## What to work on
Transcribe, word for word, every record in the data below.

## Given entries
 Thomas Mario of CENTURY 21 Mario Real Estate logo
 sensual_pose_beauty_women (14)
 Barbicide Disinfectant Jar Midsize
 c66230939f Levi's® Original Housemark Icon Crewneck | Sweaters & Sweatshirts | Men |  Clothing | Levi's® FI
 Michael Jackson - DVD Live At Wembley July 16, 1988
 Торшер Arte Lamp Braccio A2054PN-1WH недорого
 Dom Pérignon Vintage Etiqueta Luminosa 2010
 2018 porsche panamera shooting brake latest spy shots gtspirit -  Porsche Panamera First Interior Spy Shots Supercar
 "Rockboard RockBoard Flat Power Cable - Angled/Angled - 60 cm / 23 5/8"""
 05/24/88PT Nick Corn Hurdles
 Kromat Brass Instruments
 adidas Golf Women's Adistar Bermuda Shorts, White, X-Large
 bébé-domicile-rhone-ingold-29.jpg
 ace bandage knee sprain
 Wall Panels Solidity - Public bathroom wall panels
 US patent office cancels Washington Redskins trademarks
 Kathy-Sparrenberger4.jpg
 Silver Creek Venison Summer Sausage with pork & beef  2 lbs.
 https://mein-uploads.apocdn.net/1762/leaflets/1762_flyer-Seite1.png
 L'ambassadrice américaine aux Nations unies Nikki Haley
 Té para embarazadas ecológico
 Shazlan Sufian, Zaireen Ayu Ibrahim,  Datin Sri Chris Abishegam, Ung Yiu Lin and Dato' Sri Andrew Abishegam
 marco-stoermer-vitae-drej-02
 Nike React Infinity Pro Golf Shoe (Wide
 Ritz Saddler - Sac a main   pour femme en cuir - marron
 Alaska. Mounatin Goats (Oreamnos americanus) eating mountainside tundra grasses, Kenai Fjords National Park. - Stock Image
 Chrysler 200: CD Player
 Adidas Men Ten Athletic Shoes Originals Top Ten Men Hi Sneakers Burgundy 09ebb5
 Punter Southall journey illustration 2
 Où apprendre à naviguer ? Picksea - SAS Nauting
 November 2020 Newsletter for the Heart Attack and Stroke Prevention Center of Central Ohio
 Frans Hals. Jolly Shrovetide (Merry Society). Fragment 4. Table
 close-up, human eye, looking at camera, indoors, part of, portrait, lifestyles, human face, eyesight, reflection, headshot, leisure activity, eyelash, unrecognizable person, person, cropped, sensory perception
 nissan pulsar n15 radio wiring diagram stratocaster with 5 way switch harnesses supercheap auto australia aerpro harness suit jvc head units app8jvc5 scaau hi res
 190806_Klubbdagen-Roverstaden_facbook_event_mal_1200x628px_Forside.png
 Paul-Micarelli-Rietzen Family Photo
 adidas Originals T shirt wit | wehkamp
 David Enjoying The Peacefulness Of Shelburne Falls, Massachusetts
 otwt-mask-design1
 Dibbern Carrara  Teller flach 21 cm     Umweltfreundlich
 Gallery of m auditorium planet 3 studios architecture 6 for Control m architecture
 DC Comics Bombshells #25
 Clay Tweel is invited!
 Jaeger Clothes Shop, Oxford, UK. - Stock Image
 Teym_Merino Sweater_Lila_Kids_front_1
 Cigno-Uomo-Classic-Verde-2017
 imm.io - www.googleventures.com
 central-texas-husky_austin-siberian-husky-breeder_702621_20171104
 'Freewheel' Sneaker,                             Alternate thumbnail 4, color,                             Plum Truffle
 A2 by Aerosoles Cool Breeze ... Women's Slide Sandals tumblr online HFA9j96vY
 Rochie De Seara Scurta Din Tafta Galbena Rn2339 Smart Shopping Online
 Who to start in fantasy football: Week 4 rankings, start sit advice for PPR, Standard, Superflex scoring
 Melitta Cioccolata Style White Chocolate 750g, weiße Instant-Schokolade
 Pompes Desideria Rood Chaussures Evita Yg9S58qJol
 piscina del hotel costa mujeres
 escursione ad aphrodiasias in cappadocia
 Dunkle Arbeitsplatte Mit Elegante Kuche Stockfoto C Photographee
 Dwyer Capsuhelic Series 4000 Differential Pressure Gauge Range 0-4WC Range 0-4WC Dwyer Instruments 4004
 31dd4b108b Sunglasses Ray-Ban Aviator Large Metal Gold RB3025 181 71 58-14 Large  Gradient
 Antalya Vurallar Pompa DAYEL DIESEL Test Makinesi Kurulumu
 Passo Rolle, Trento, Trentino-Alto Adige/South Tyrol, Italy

## Exercise output
 Thomas Mario of CENTURY 21 Mario Real Estate logo
 sensual_pose_beauty_women (14)
 Barbicide Disinfectant Jar Midsize
 c66230939f Levi's® Original Housemark Icon Crewneck | Sweaters & Sweatshirts | Men |  Clothing | Levi's® FI
 Michael Jackson - DVD Live At Wembley July 16, 1988
 Торшер Arte Lamp Braccio A2054PN-1WH недорого
 Dom Pérignon Vintage Etiqueta Luminosa 2010
 2018 porsche panamera shooting brake latest spy shots gtspirit -  Porsche Panamera First Interior Spy Shots Supercar
 "Rockboard RockBoard Flat Power Cable - Angled/Angled - 60 cm / 23 5/8"""
 05/24/88PT Nick Corn Hurdles
 Kromat Brass Instruments
 adidas Golf Women's Adistar Bermuda Shorts, White, X-Large
 bébé-domicile-rhone-ingold-29.jpg
 ace bandage knee sprain
 Wall Panels Solidity - Public bathroom wall panels
 US patent office cancels Washington Redskins trademarks
 Kathy-Sparrenberger4.jpg
 Silver Creek Venison Summer Sausage with pork & beef  2 lbs.
 https://mein-uploads.apocdn.net/1762/leaflets/1762_flyer-Seite1.png
 L'ambassadrice américaine aux Nations unies Nikki Haley
 Té para embarazadas ecológico
 Shazlan Sufian, Zaireen Ayu Ibrahim,  Datin Sri Chris Abishegam, Ung Yiu Lin and Dato' Sri Andrew Abishegam
 marco-stoermer-vitae-drej-02
 Nike React Infinity Pro Golf Shoe (Wide
 Ritz Saddler - Sac a main   pour femme en cuir - marron
 Alaska. Mounatin Goats (Oreamnos americanus) eating mountainside tundra grasses, Kenai Fjords National Park. - Stock Image
 Chrysler 200: CD Player
 Adidas Men Ten Athletic Shoes Originals Top Ten Men Hi Sneakers Burgundy 09ebb5
 Punter Southall journey illustration 2
 Où apprendre à naviguer ? Picksea - SAS Nauting
 November 2020 Newsletter for the Heart Attack and Stroke Prevention Center of Central Ohio
 Frans Hals. Jolly Shrovetide (Merry Society). Fragment 4. Table
 close-up, human eye, looking at camera, indoors, part of, portrait, lifestyles, human face, eyesight, reflection, headshot, leisure activity, eyelash, unrecognizable person, person, cropped, sensory perception
 nissan pulsar n15 radio wiring diagram stratocaster with 5 way switch harnesses supercheap auto australia aerpro harness suit jvc head units app8jvc5 scaau hi res
 190806_Klubbdagen-Roverstaden_facbook_event_mal_1200x628px_Forside.png
 Paul-Micarelli-Rietzen Family Photo
 adidas Originals T shirt wit | wehkamp
 David Enjoying The Peacefulness Of Shelburne Falls, Massachusetts
 otwt-mask-design1
 Dibbern Carrara  Teller flach 21 cm     Umweltfreundlich
 Gallery of m auditorium planet 3 studios architecture 6 for Control m architecture
 DC Comics Bombshells #25
 Clay Tweel is invited!
 Jaeger Clothes Shop, Oxford, UK. - Stock Image
 Teym_Merino Sweater_Lila_Kids_front_1
 Cigno-Uomo-Classic-Verde-2017
 imm.io - www.googleventures.com
 central-texas-husky_austin-siberian-husky-breeder_702621_20171104
 'Freewheel' Sneaker,                             Alternate thumbnail 4, color,                             Plum Truffle
 A2 by Aerosoles Cool Breeze ... Women's Slide Sandals tumblr online HFA9j96vY
 Rochie De Seara Scurta Din Tafta Galbena Rn2339 Smart Shopping Online
 Who to start in fantasy football: Week 4 rankings, start sit advice for PPR, Standard, Superflex scoring
 Melitta Cioccolata Style White Chocolate 750g, weiße Instant-Schokolade
 Pompes Desideria Rood Chaussures Evita Yg9S58qJol
 piscina del hotel costa mujeres
 escursione ad aphrodiasias in cappadocia
 Dunkle Arbeitsplatte Mit Elegante Kuche Stockfoto C Photographee
 Dwyer Capsuhelic Series 4000 Differential Pressure Gauge Range 0-4WC Range 0-4WC Dwyer Instruments 4004
 31dd4b108b Sunglasses Ray-Ban Aviator Large Metal Gold RB3025 181 71 58-14 Large  Gradient
 Antalya Vurallar Pompa DAYEL DIESEL Test Makinesi Kurulumu
 Passo Rolle, Trento, Trentino-Alto Adige/South Tyrol, Italy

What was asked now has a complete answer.